Mi dolor tiene cada vez más nombres. Cada nombre hace de mi dolor algo más real, puedo tocarlo cuando me palpo la barriga, cuando me palpo la nuca o las rodillas, podría incluso tocarlo en las palabras si no fuesen de vapor. A veces toco los bultos imaginarios: suelen desaparecer al tercer toqueteo, cuando ya me ha dado tiempo a marearme y sentarme en la cama o en el váter y notar que la sangre me cae de la cabeza a los pies.

Hace años que me duele el cuerpo, demasiados años para los pocos que tengo. Me duele tanto el cuerpo que a veces me duele más que los pensamientos, me duele tanto que no puedo dormir. Estoy tan agarrotada que creo que de un golpe me desmontaría, pero podría ser peor, podría ser una araña y tener ocho patas que sufren. Yo solo tengo dos, aunque conocen ya una infinidad de posturas para poder dormir cómodamente.
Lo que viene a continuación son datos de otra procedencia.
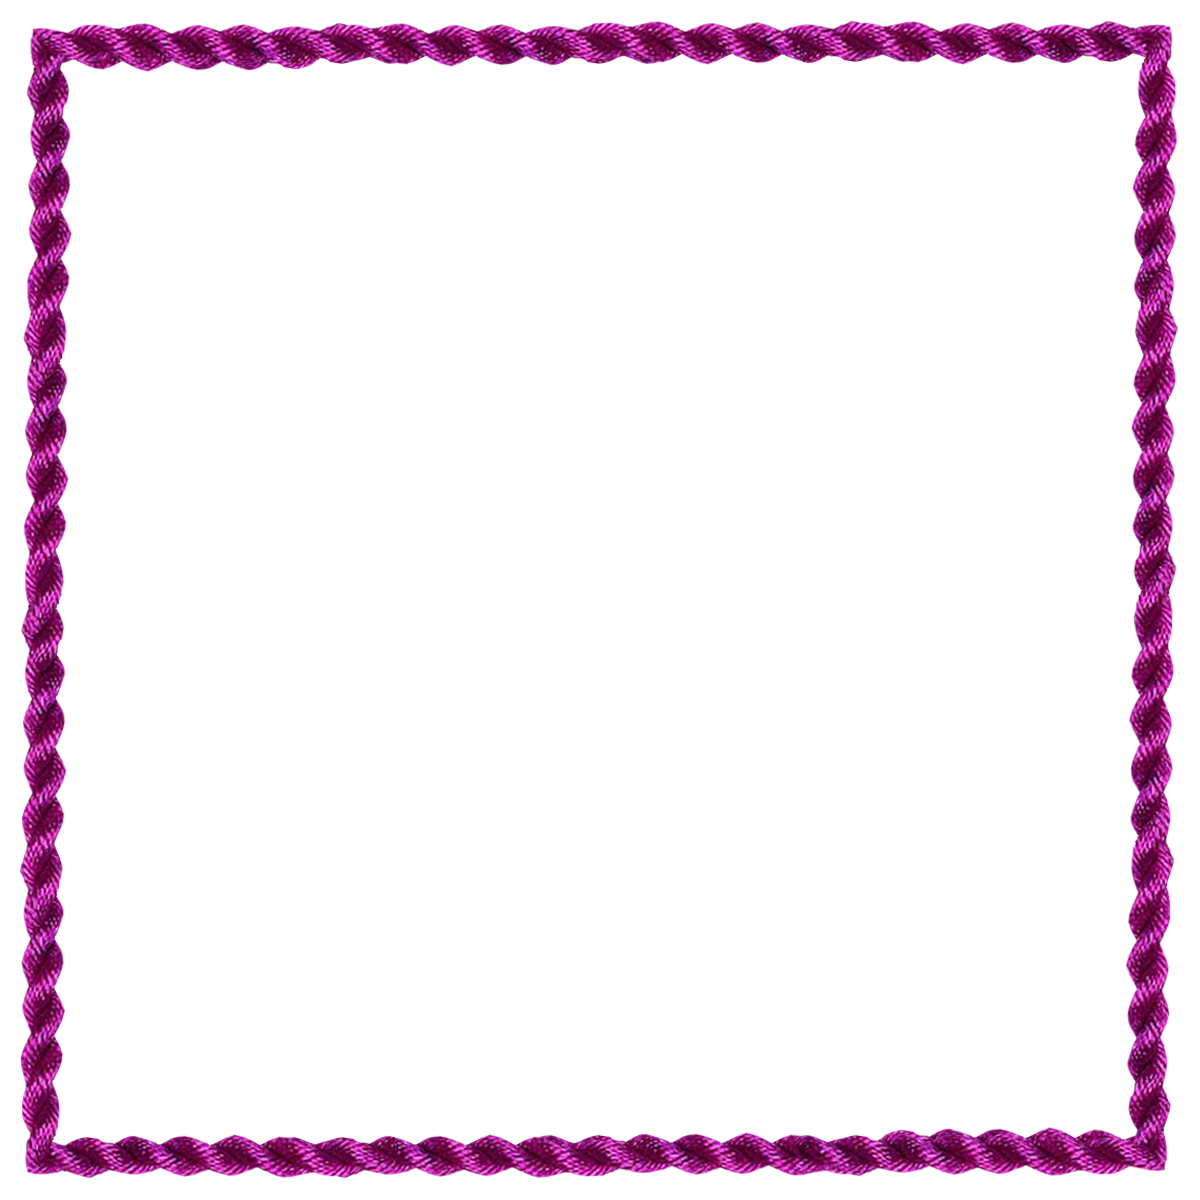 Download PNG image - Fuchsia Border Frame Transparent PNG 
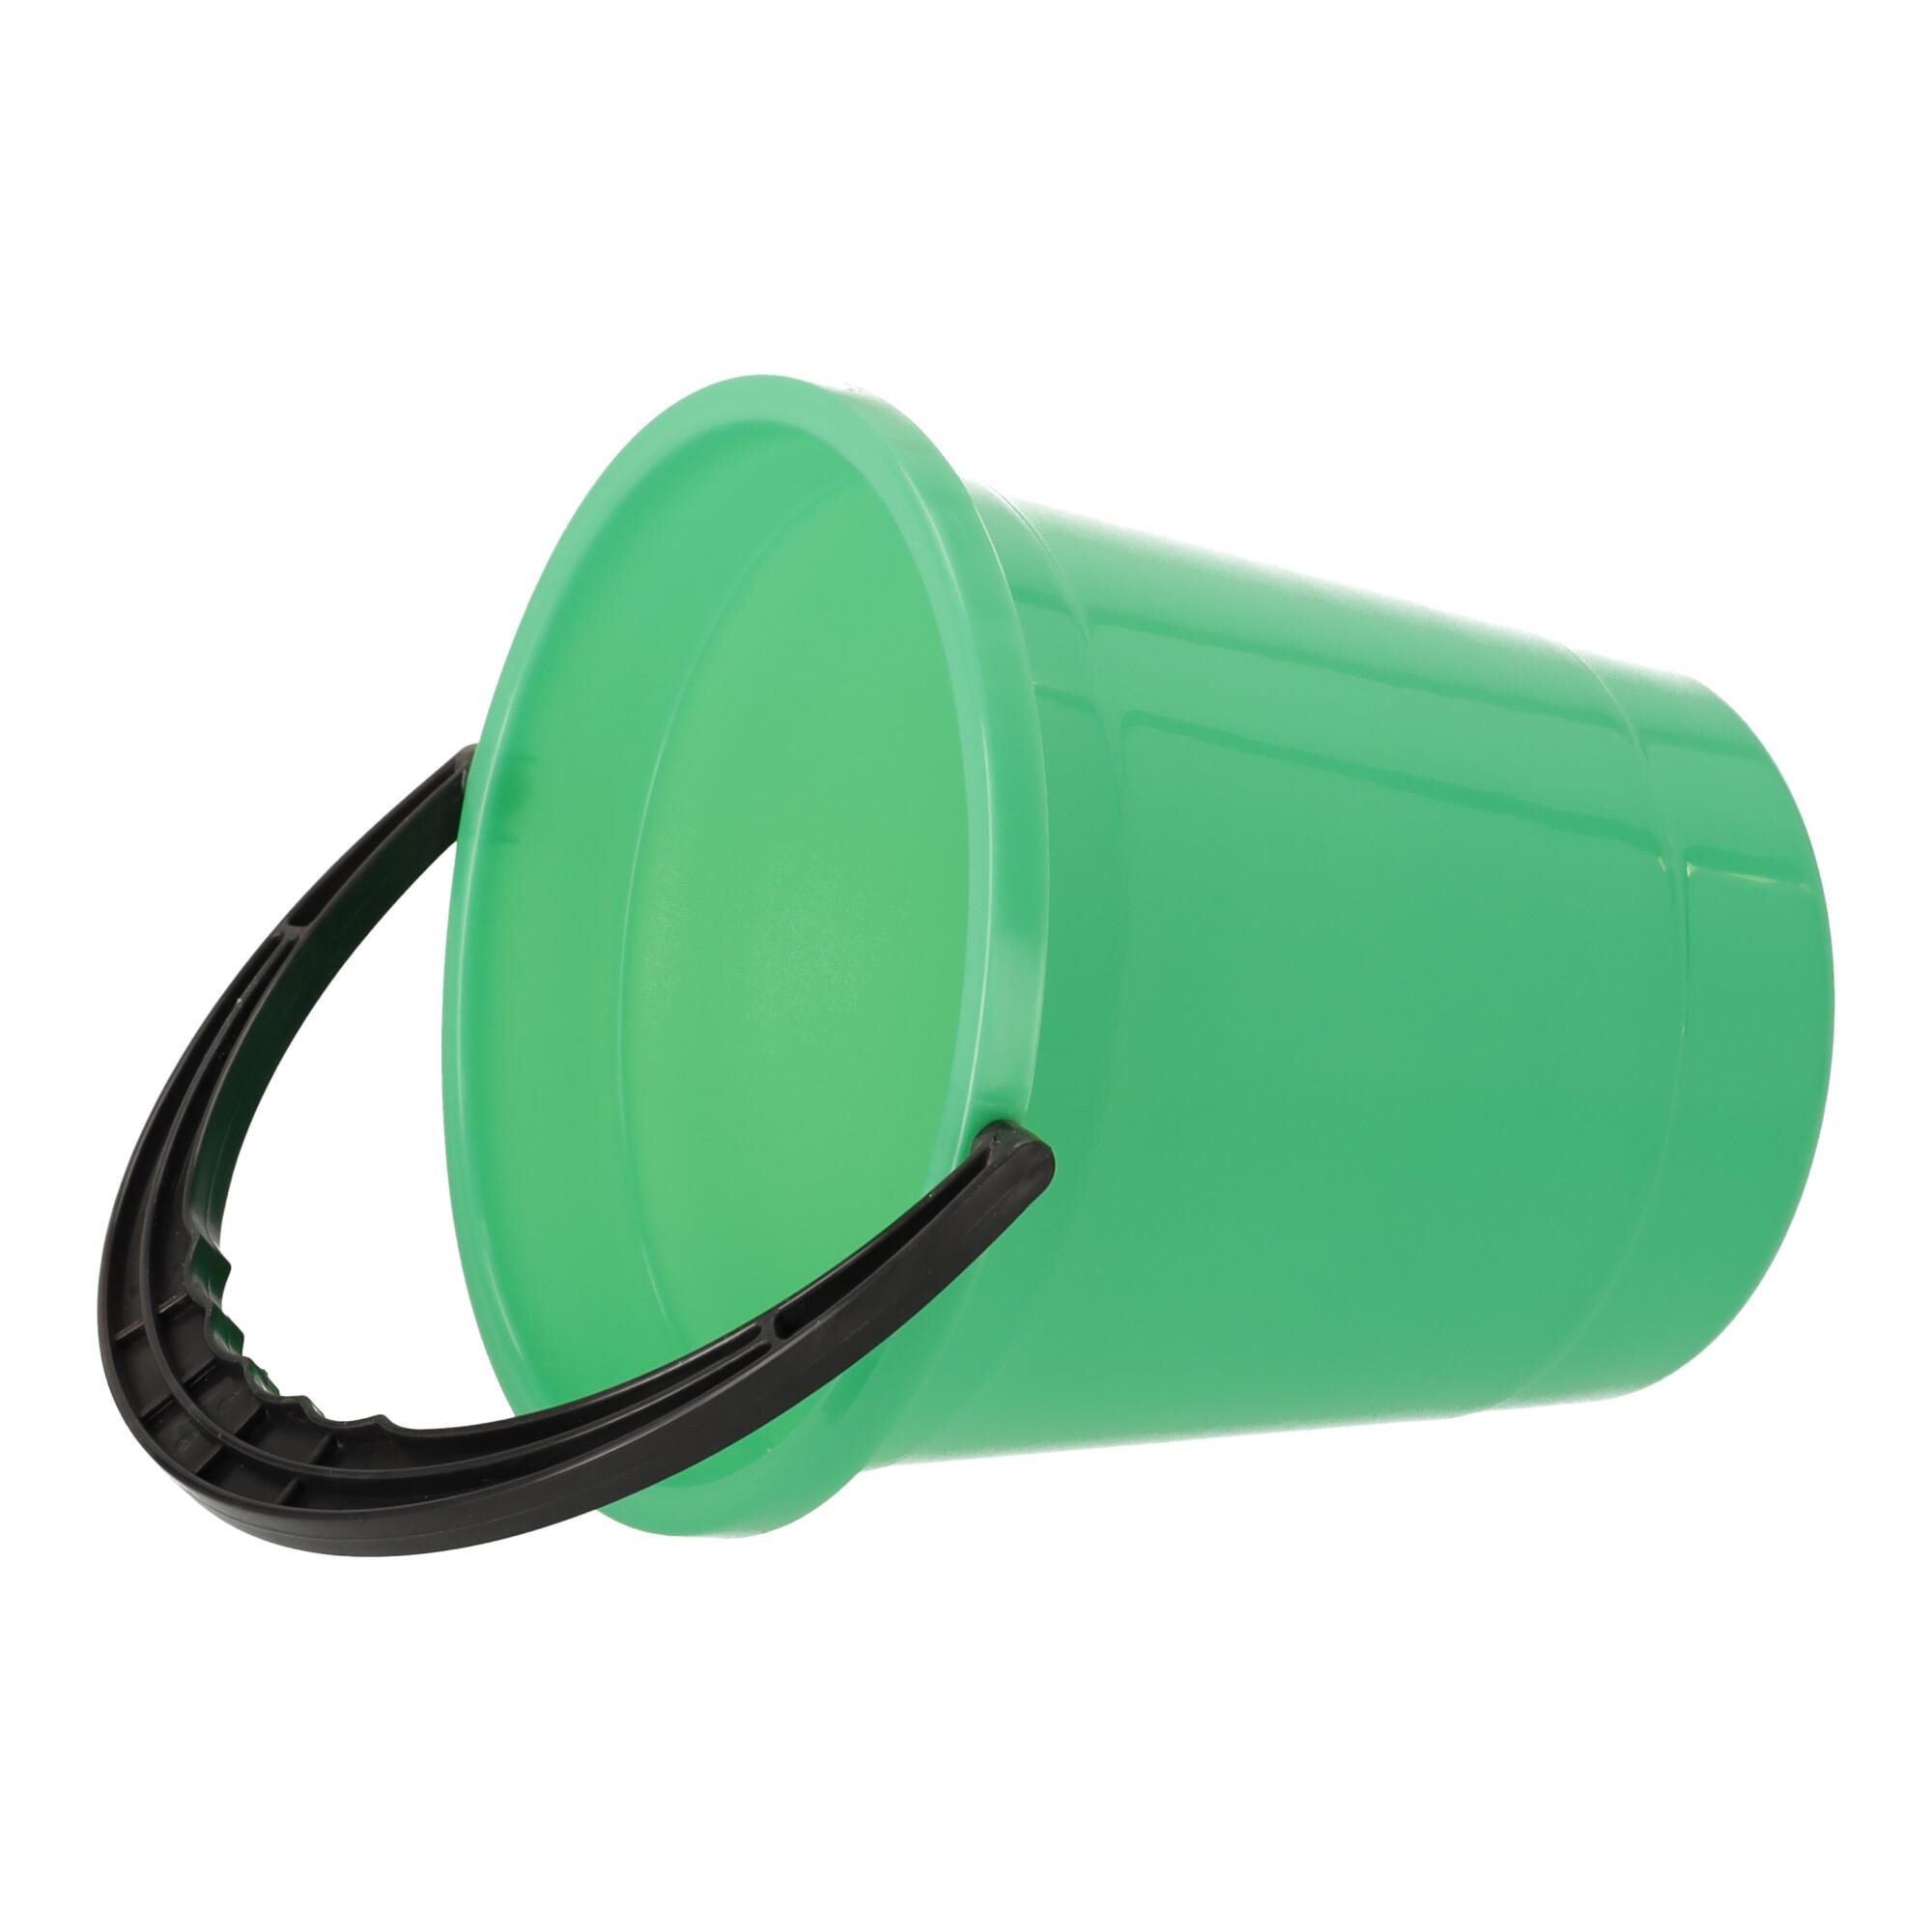 Bucket 5L, POLISH PRODUCT - green

A la enfermedad le han puesto nombre, un nombre inventado para una enfermedad inventada que no me libera de pensar que en realidad yo no tengo eso, yo he de tener una enfermedad terminal que todavía no me han detectado. Y así cada vez que duele el cuerpo y también el pensamiento, que ha aprendido a dar saltos mortales hacia delante y hacia atrás. Dice el reumatólogo que son 18 puntos de dolor, pero a mí me duelen todos los puntos que puedan caber en un cuerpo medianamente largo. Si no me tomo la pastillita bicolor entonces me duelen hasta los zapatos. Es como un amigo imaginario, nadie puede verlo, pero a mí me gustaría poder sacármelo con unas pinzas y enseñároslo a todos. ¿Ves cómo me dolía? No pasa lo mismo con mi otra enfermedad, el volcán gris, la que se puede rozar con una sonda mientras me tienen abierta como una ventana abatida, la que me hincha y redondea, la que da mucho miedo y perfora y quema de la espalda al vientre, una daga recién forjada, la que me hace sentir un árbol en otoño, siendo yo una lechuga fresquita, unos tomates cherry, una ciruela apenas caída sobre el césped del jardín en el peor de los casos.


Hablo de la enfermedad mucho más de lo que me apetece porque me posee como cualquier enamoramiento. Hablo desde el lugar privilegiado de la que no se muere y desde el miedo constante a morir, a despedazarme, con vergüenza por sufrir y más vergüenza aún por que me vean sufrir los demás, que no me pueden quitar el útero o las extremidades y darme un beso de buenas noches para que pueda dormir sin tener pesadillas. Dejamos de ser niñas que sangran por la nariz y avisan a su madre en mitad de la noche para sentirnos fantasmas que rondan y tiran cosas por los pasillos de camino al baño. Y a veces acabamos tan cansadas que volvemos a la cama y descansamos, y por la mañana ya es la tarde y la vergüenza es más ligera, más frágil, los huesos y los movimientos menos punzantes y las palabras también.


El cuerpo es cruel: quiere que tropieces con las piedras, pero a veces también con la hierba. Para ocupar un poco esa mente tan nerviosa, o algo así.